Я зажмурил глаза, мне перехватило горло и стало нечем дышать, желудок подвело под самое сердце, перед закрытыми глазами прыгали светлые пятна, сердце раскачивалось, как колокольчик на шее у бегущей овцы… Это уже не был Учитель… Это уже был никто… «Руфь, Руфь!» — думал я. Руфь тоже в какой–то момент перестала быть Руфью. В прямоугольнике окна я видел открытое с головы до колен кровавое страшное месиво… Человека, с которого содрали кожу… Неподвижная голова с одеревеневшей шеей несла шутовской венок из терний. Под ним были глаза, вернее черные впадины, в которых, неизвестно, таилась ли еще жизнь… Кровавые ссадины на щеках, вымокшая в крови борода, тело, представлявшее собой сплошное кровавое месиво. Пурпурное полотнище, которое солдаты набросили на израненные плечи, присосалось к телу тысячью пиявок и придавало Человеку вид выжимающего виноградный сок, только что отошедшего от пресса. По груди, рукам и бедрам стекали и капали на землю струйки крови. Губы Того, Кто был Учителем, безжизненно распустились. В связанные руки был воткнут тростник…
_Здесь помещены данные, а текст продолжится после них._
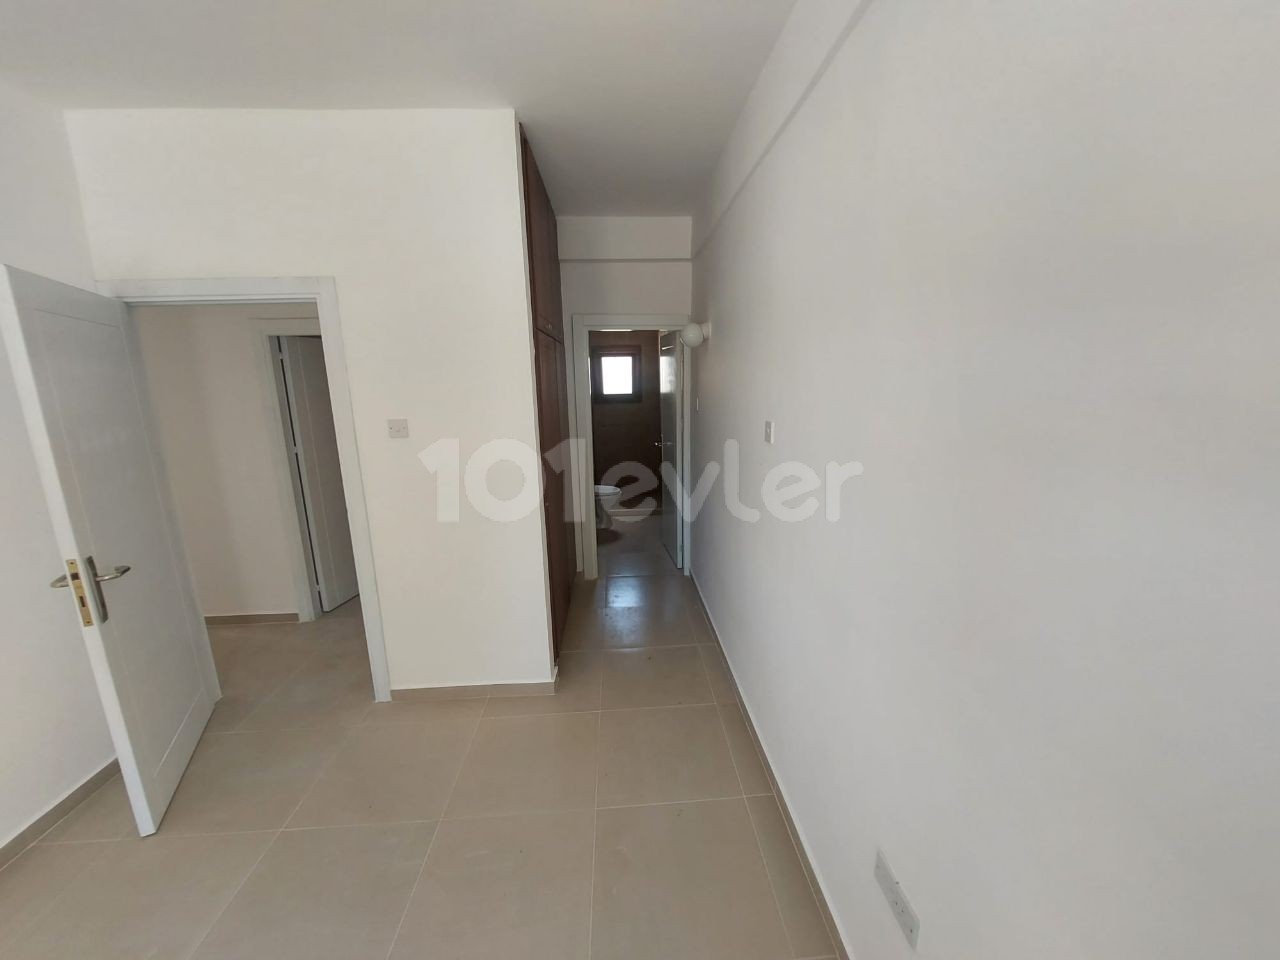 GROUND FLOOR FLAT WITH POOL FOR SALE IN ESENTEPE

Из первых рядов до меня донесся крик:
— Распни Его!
Мне показалось, что и я закричал: «Распни Его! Пусть это кончится! На это невозможно смотреть!»
— Распни Его! — неслось со всех сторон.
— А вы сами Его распните! — зло крикнул Пилат.
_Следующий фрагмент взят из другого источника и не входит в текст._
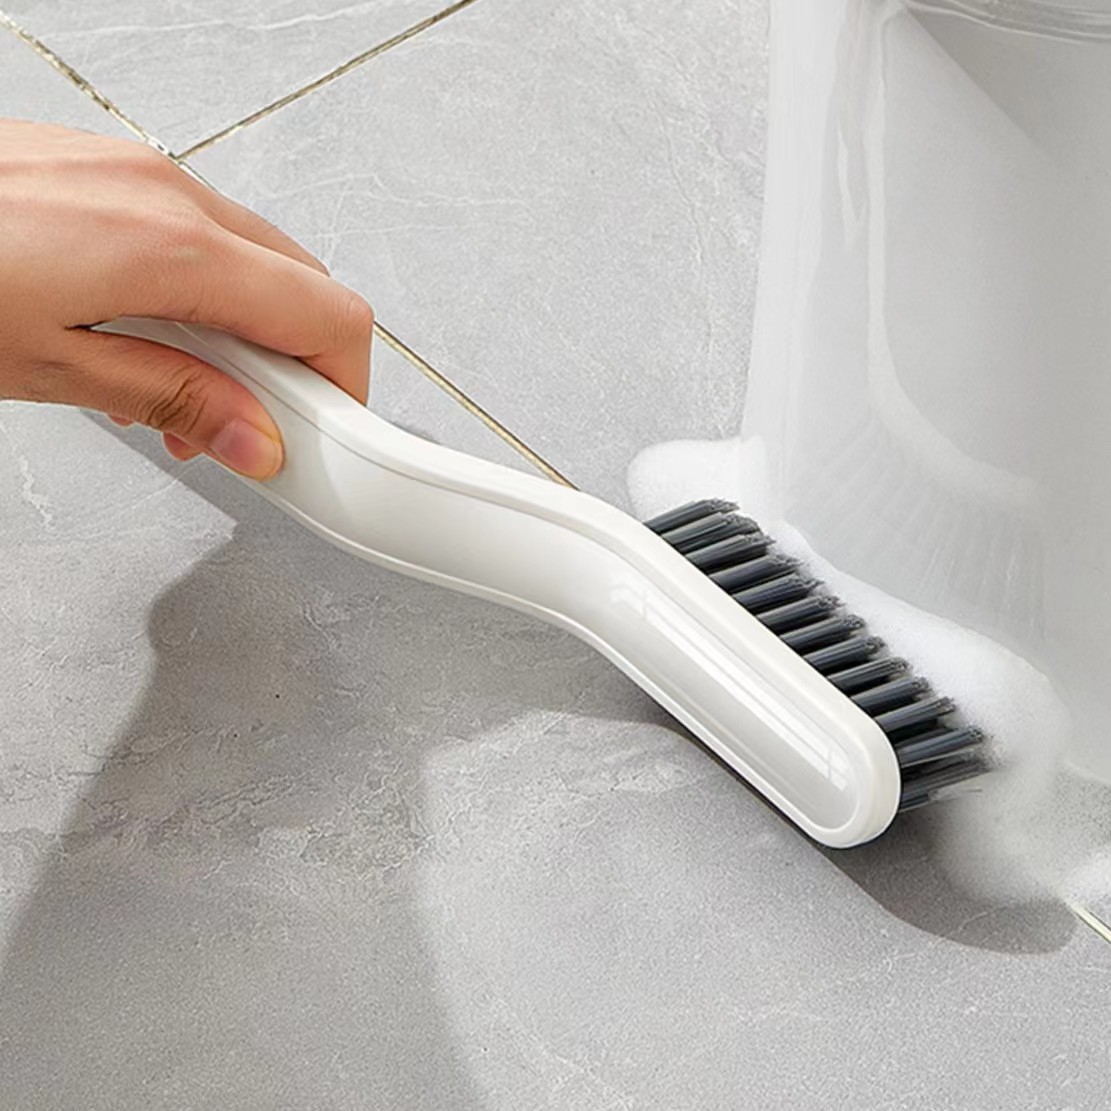 ✓ Buy Online Cleaning Brush Set - Deep Clean Tiles, Grout

Тогда раздался голос равви Ионатана:
— Значит ли это, досточтимый прокуратор, что ты хочешь отпустить Его на свободу? Мы сами не можем Его распять. А Он должен погибнуть, потому что Он говорил, что Он — Сын Всевышнего…
Я снова заметил, как по гладкому лицу Пилата прошла такая же судорога, как тогда, когда маленький грек нечто сообщил ему. Пилат оглянулся на своих, словно желая удостовериться, что все они рядом. Даже я читал страх в его глазах. Ни слова не говоря, прокуратор спустился во двор. Я видел, как он упал в свое кресло, в крылатые объятия золотого орла. Солдаты подвели к нему Узника. Тогда Пилат встал. Белый силуэт оказался напротив красного. Они разговаривали. Пилат заложил руки за спину. Прошелся взад–вперед тяжелыми шагами. Медленно вернулся к окну.
Я не смотрел на Пилата — в полном отчаянии я смотрел на красную фигуру, там, во дворе. Мне казалось, что я переживаю это вторично… Это было то же, что тогда: то же самое леденящее сознание того, что это не я страдаю, хотя лучше бы это был я, потому что тогда боль захватила бы меня всего, без остатка; а так из глубины сердца поднималось дурманящее чувство облегчения, что все же это не я…
— В последний раз вам говорю, — раздался голос Пилата, но в его тоне не было убедительности, — что я не вижу преступлений Этого Человека. Я наказал Его и теперь отпущу…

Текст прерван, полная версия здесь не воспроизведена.